> [The input]:

Start of Block

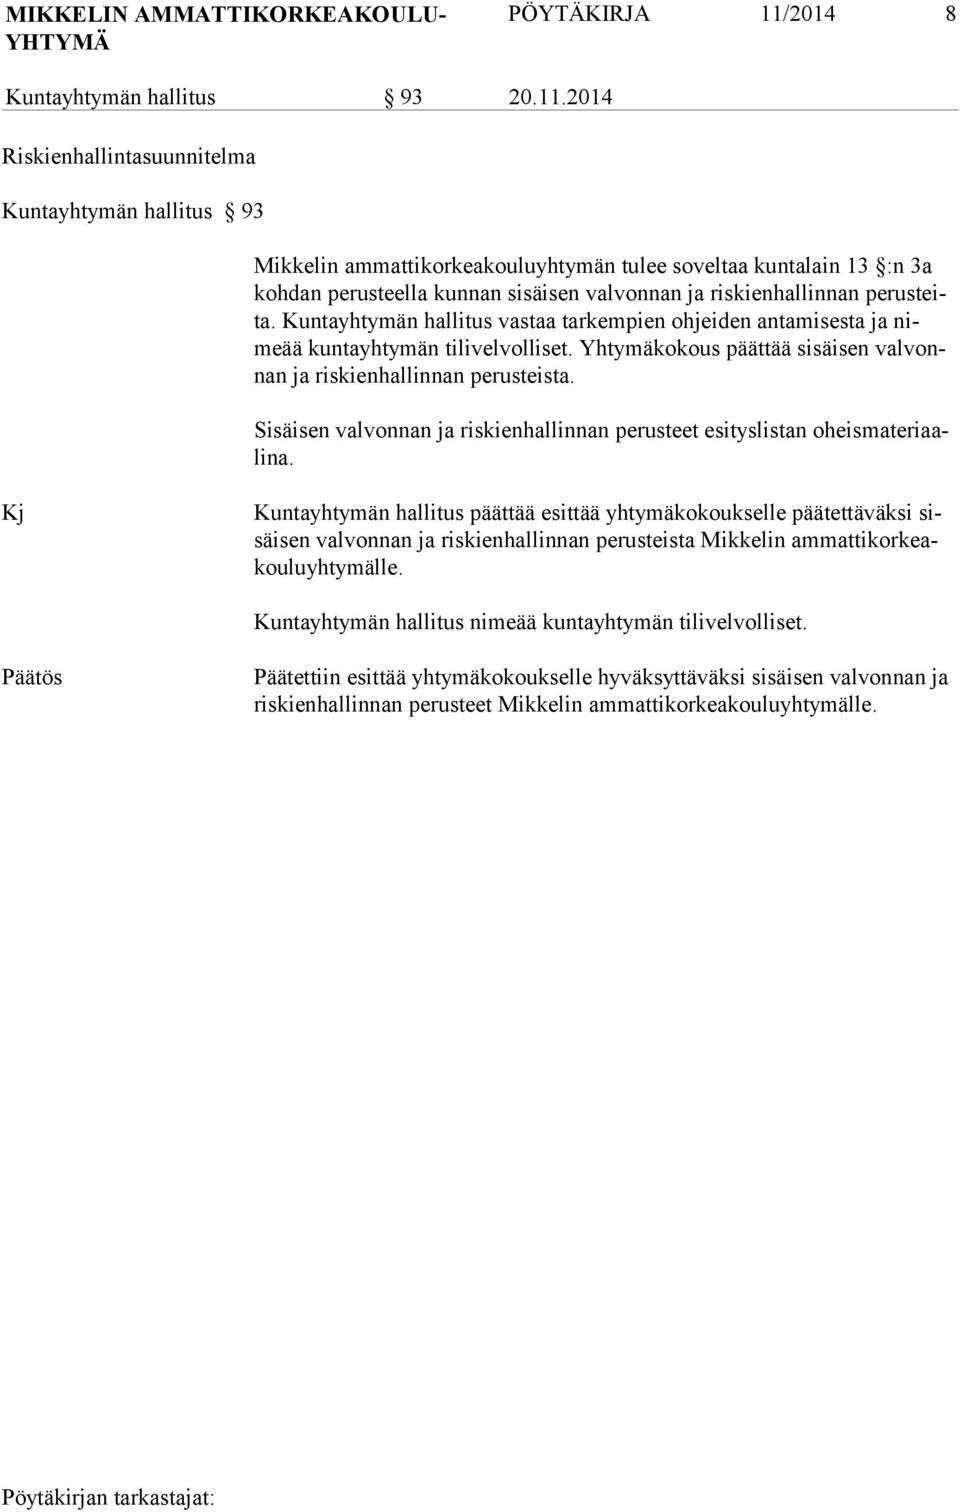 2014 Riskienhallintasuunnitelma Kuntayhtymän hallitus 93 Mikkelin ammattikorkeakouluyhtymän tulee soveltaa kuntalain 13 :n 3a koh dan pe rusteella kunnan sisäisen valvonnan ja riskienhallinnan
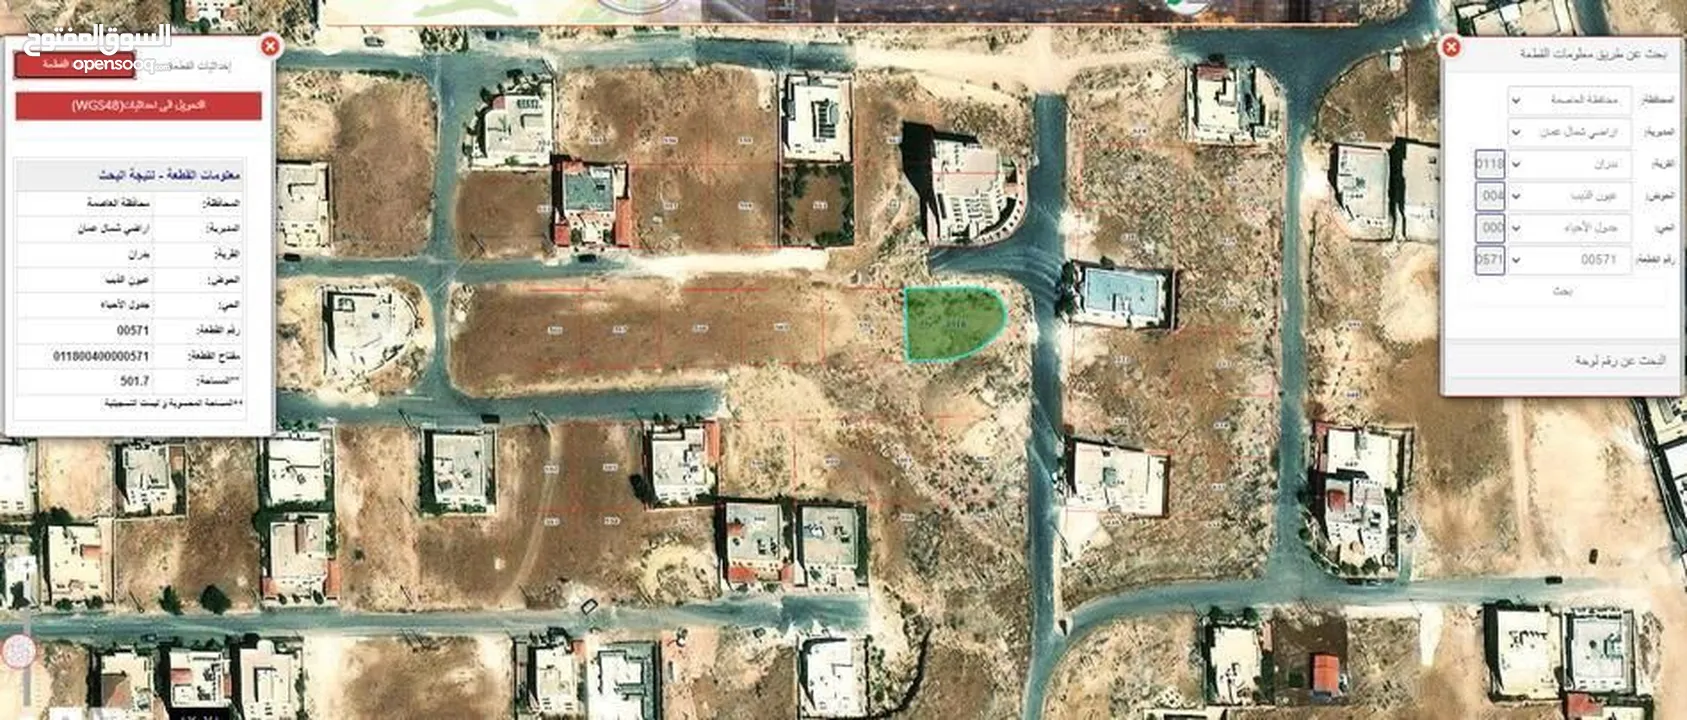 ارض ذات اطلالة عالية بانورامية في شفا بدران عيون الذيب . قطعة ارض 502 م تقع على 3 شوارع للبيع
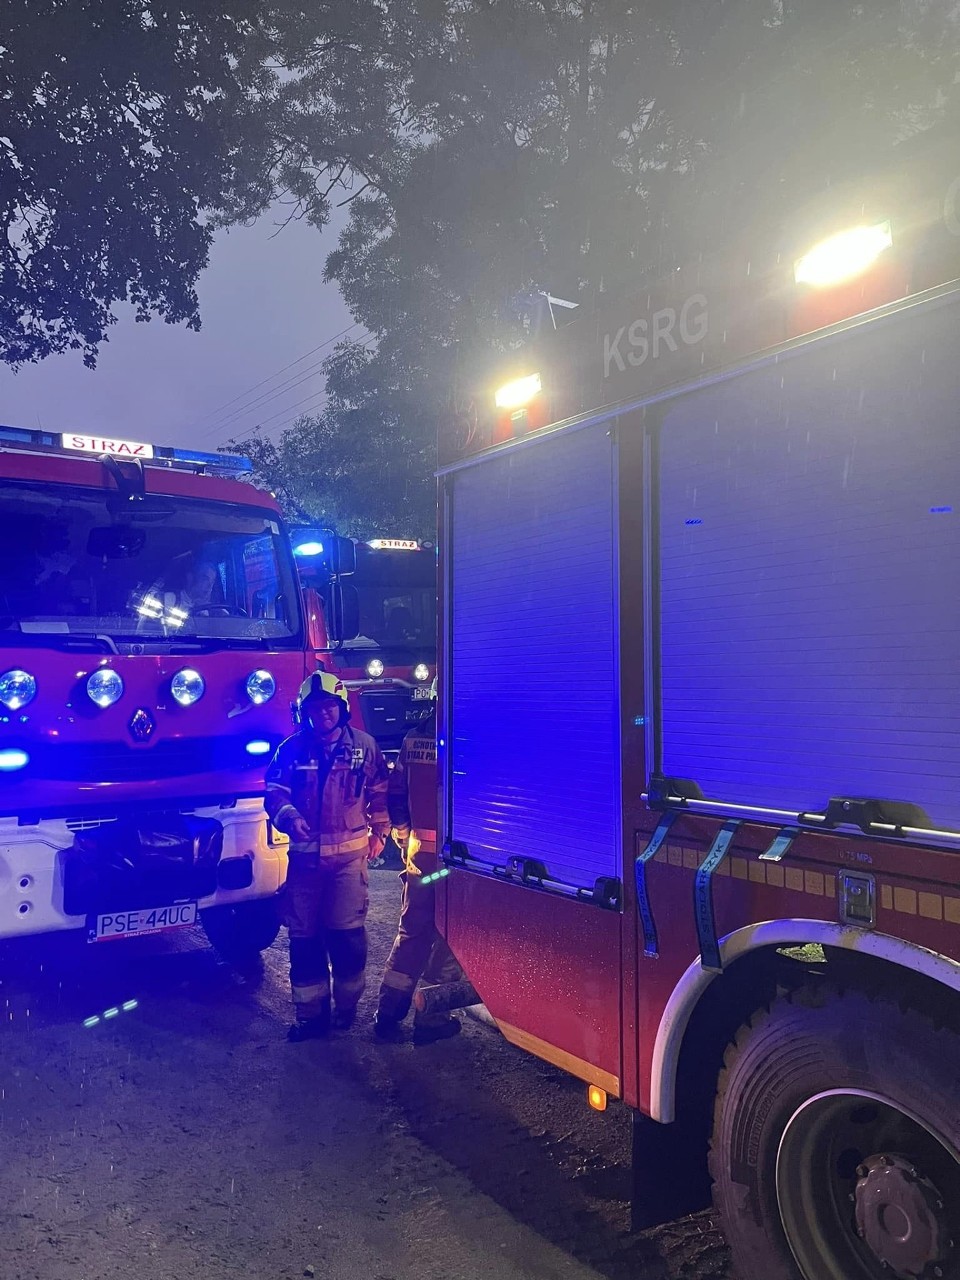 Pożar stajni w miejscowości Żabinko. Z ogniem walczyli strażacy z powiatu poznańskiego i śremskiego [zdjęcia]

End of Block
Start of Block

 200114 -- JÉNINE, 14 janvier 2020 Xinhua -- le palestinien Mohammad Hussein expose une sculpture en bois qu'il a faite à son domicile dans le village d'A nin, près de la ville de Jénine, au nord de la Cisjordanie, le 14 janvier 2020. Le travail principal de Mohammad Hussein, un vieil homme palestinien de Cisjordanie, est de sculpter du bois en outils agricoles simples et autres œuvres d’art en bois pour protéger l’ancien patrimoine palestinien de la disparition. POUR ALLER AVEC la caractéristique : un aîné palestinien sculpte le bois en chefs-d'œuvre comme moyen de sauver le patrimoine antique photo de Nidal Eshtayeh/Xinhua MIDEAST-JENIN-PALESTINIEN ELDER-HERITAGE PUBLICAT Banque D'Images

End of Block
Start of Block

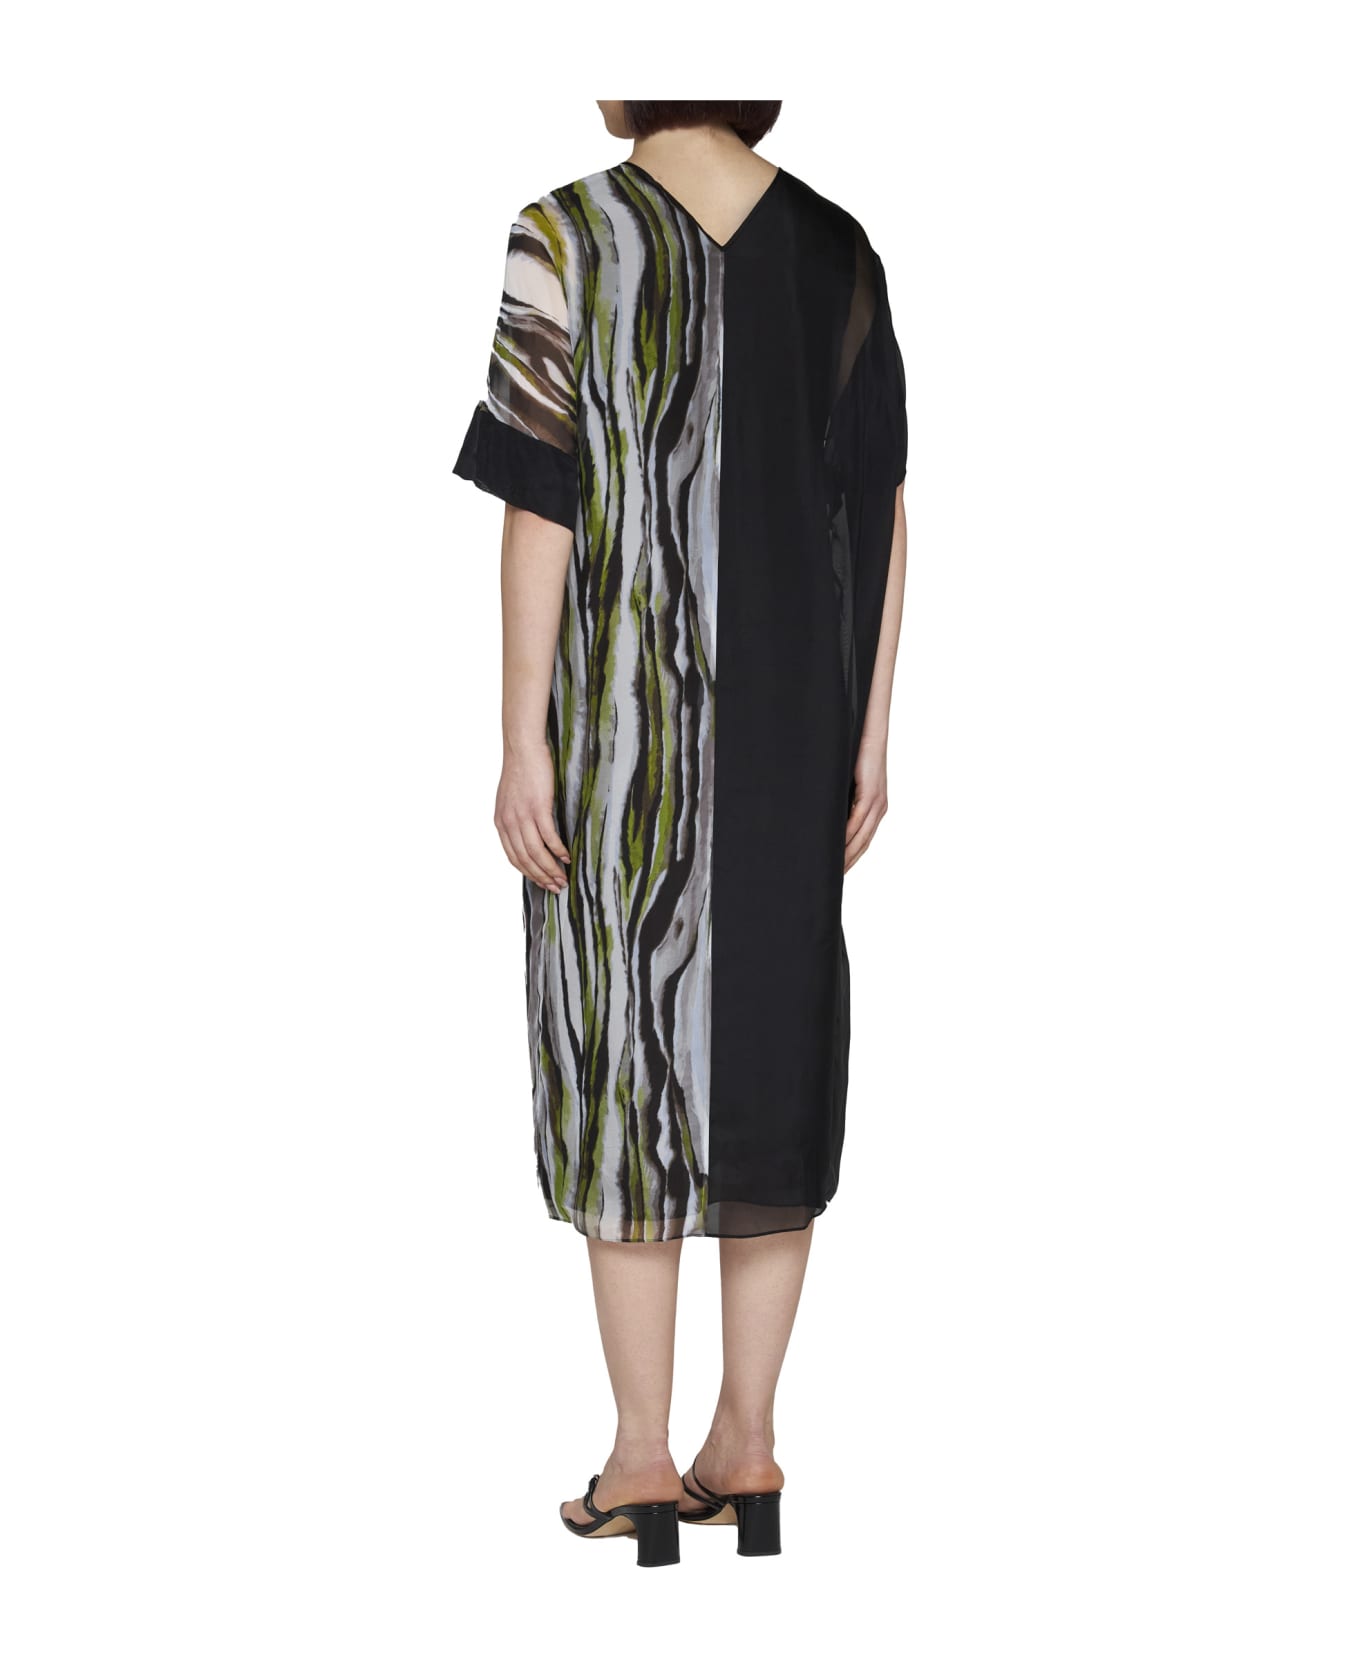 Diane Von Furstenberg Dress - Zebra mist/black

End of Block

> [About this task]: From the data above, return exactly the lines from the one with "2014 Riskienhallintasuunnitelma Kuntayhtymän" up to and including the one with "ارض ذات اطلالة". Pictures do not go in the copy.

> [The completed task]:
 2014 Riskienhallintasuunnitelma Kuntayhtymän hallitus 93 Mikkelin ammattikorkeakouluyhtymän tulee soveltaa kuntalain 13 :n 3a koh dan pe rusteella kunnan sisäisen valvonnan ja riskienhallinnan
 ارض ذات اطلالة عالية بانورامية في شفا بدران عيون الذيب . قطعة ارض 502 م تقع على 3 شوارع للبيع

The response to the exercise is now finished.